Would you print exactly the lines that begin the listing and continue through the line holding "Letter to Donald"? No pictures, please.

▸ **PROVIDED MATERIAL**
────────────────────────────────────────

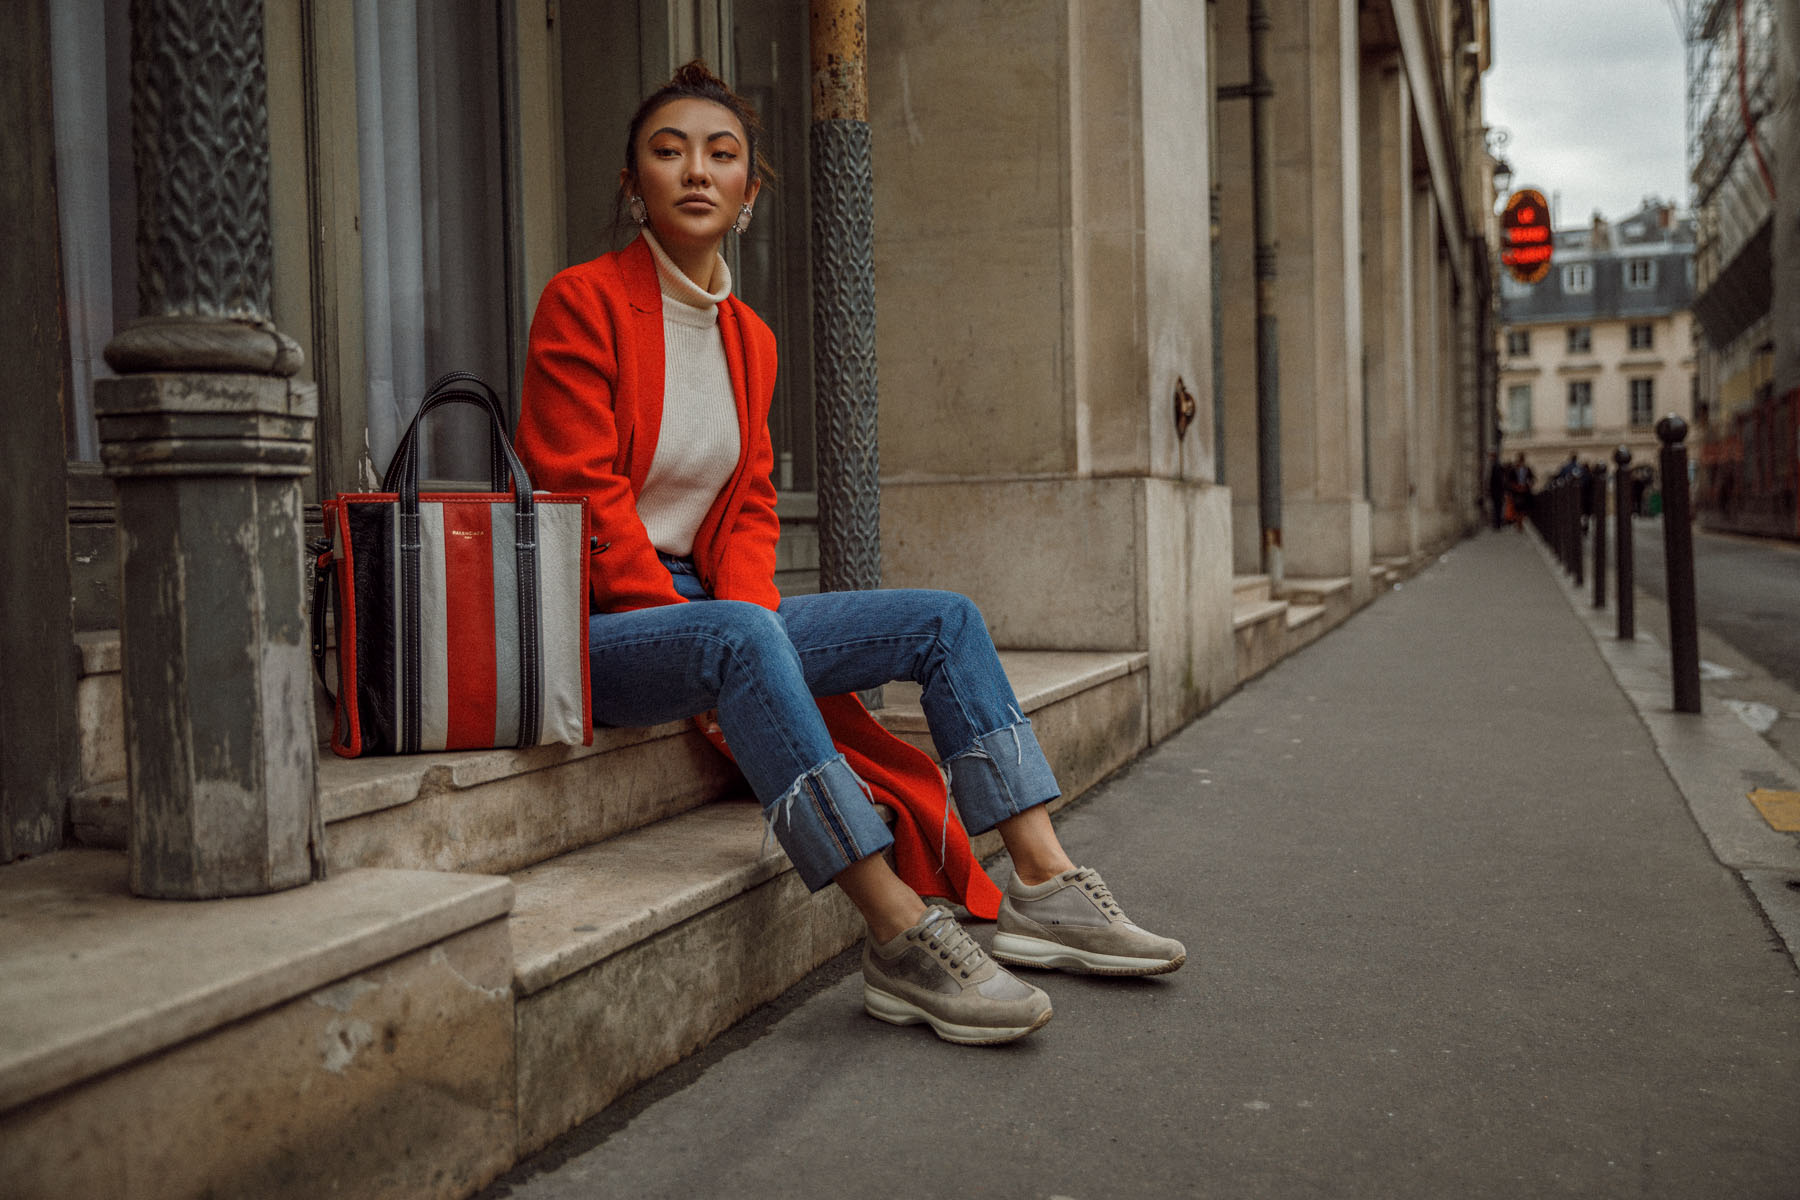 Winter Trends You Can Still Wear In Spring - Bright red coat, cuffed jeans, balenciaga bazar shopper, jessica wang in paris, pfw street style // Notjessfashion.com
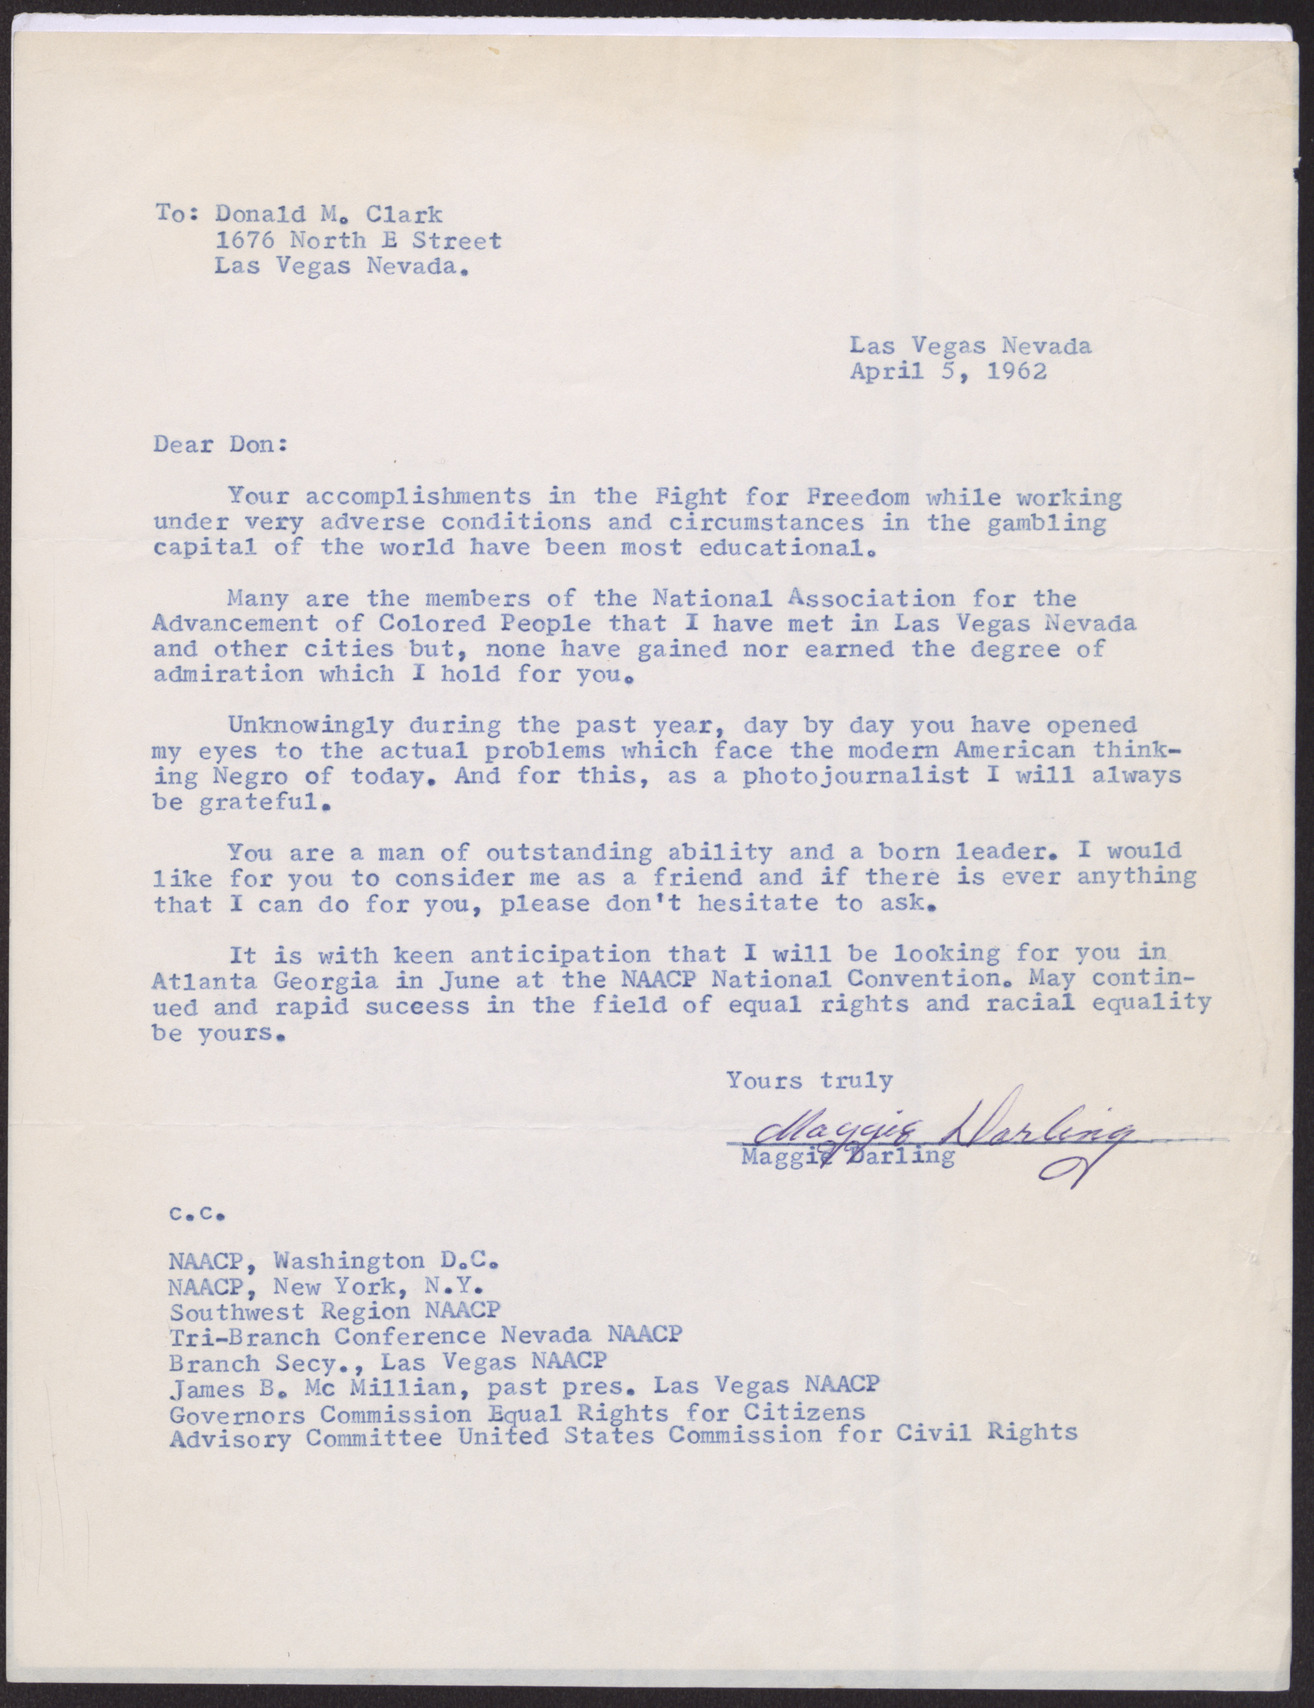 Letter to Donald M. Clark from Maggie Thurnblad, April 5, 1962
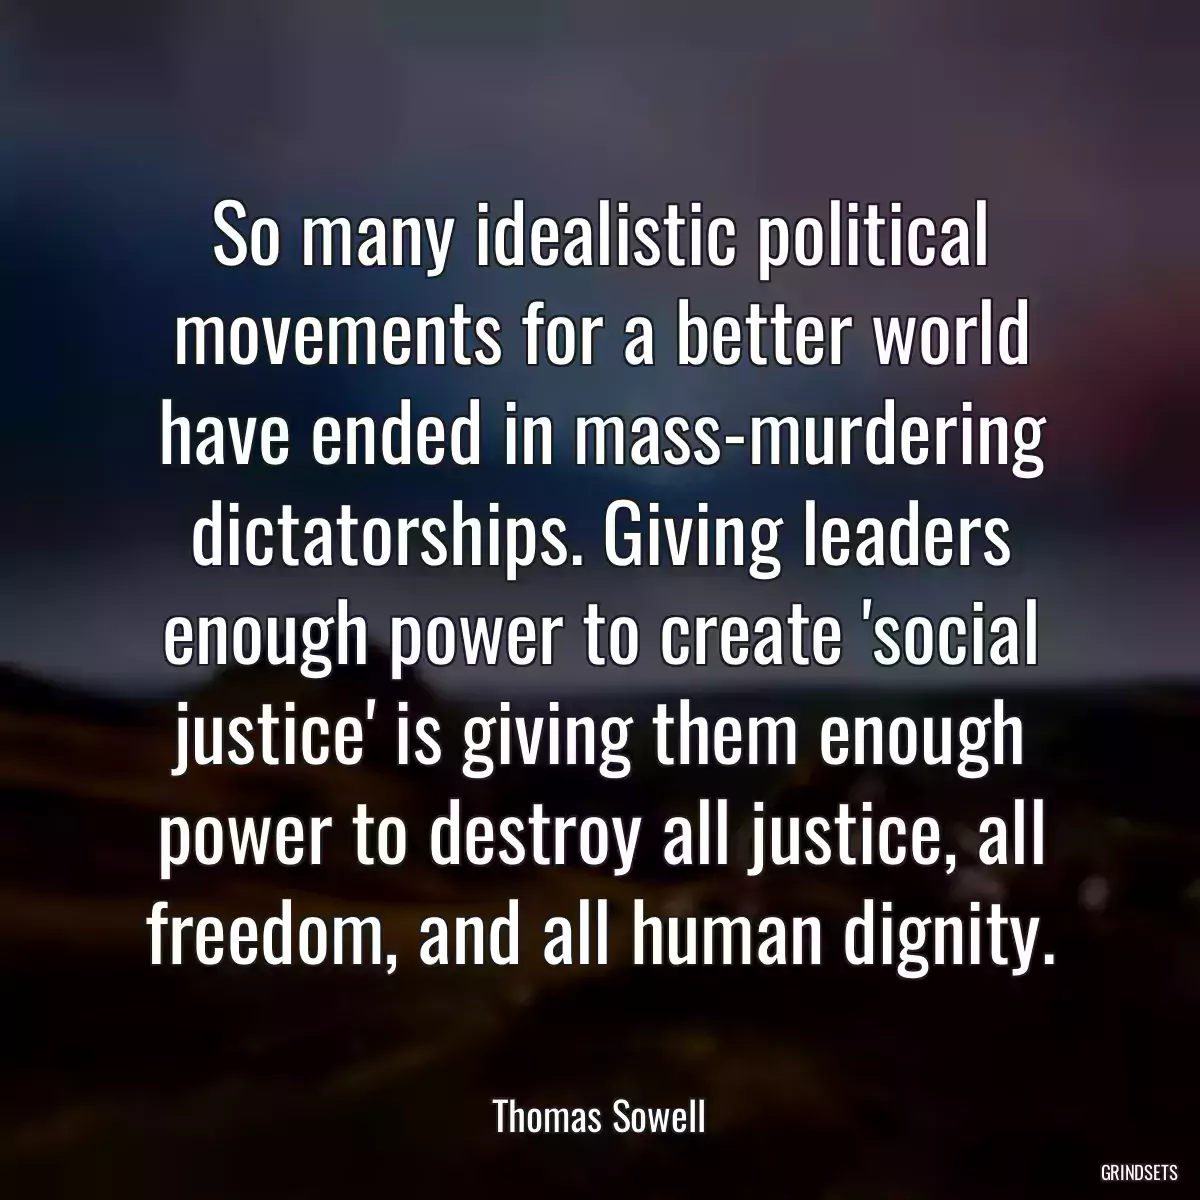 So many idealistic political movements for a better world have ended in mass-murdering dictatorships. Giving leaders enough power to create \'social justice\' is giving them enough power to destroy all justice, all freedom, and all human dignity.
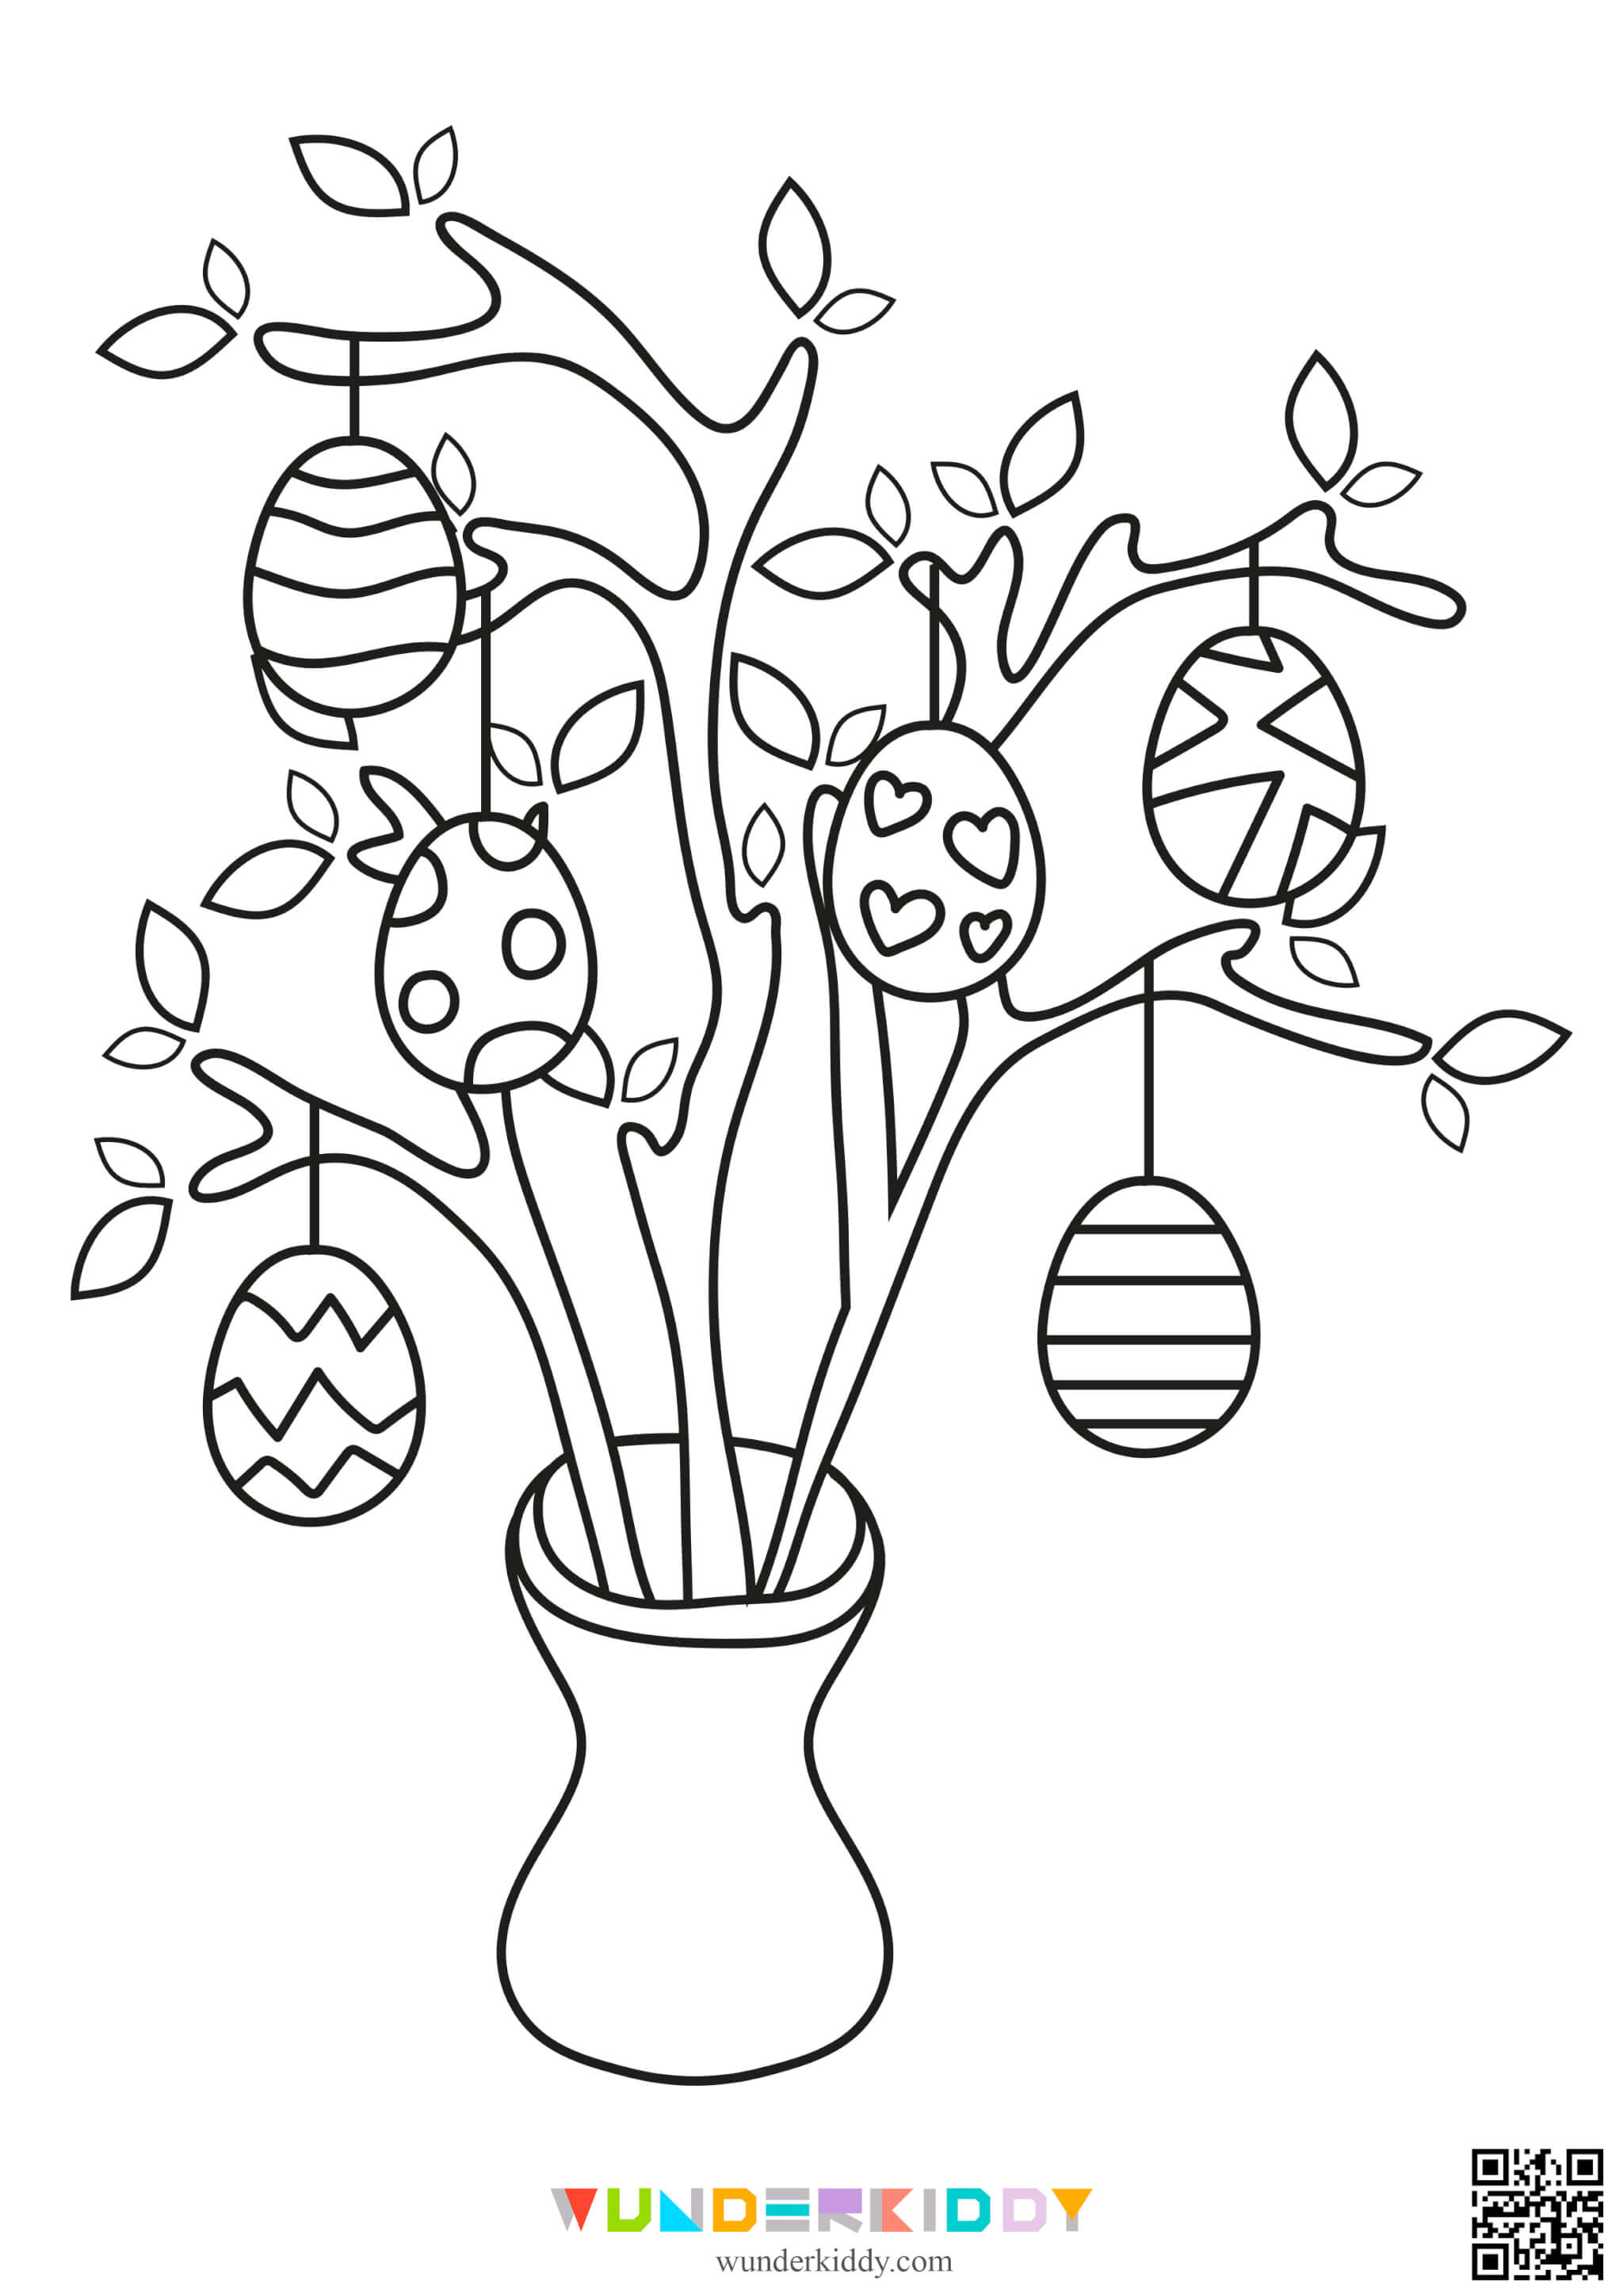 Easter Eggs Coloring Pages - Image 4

────────────────────────────────────────

▸ **RESULT**
 Winter Trends You Can Still Wear In Spring - Bright red coat, cuffed jeans, balenciaga bazar shopper, jessica wang in paris, pfw street style // Notjessfashion.com
 Letter to Donald M. Clark from Maggie Thurnblad, April 5, 1962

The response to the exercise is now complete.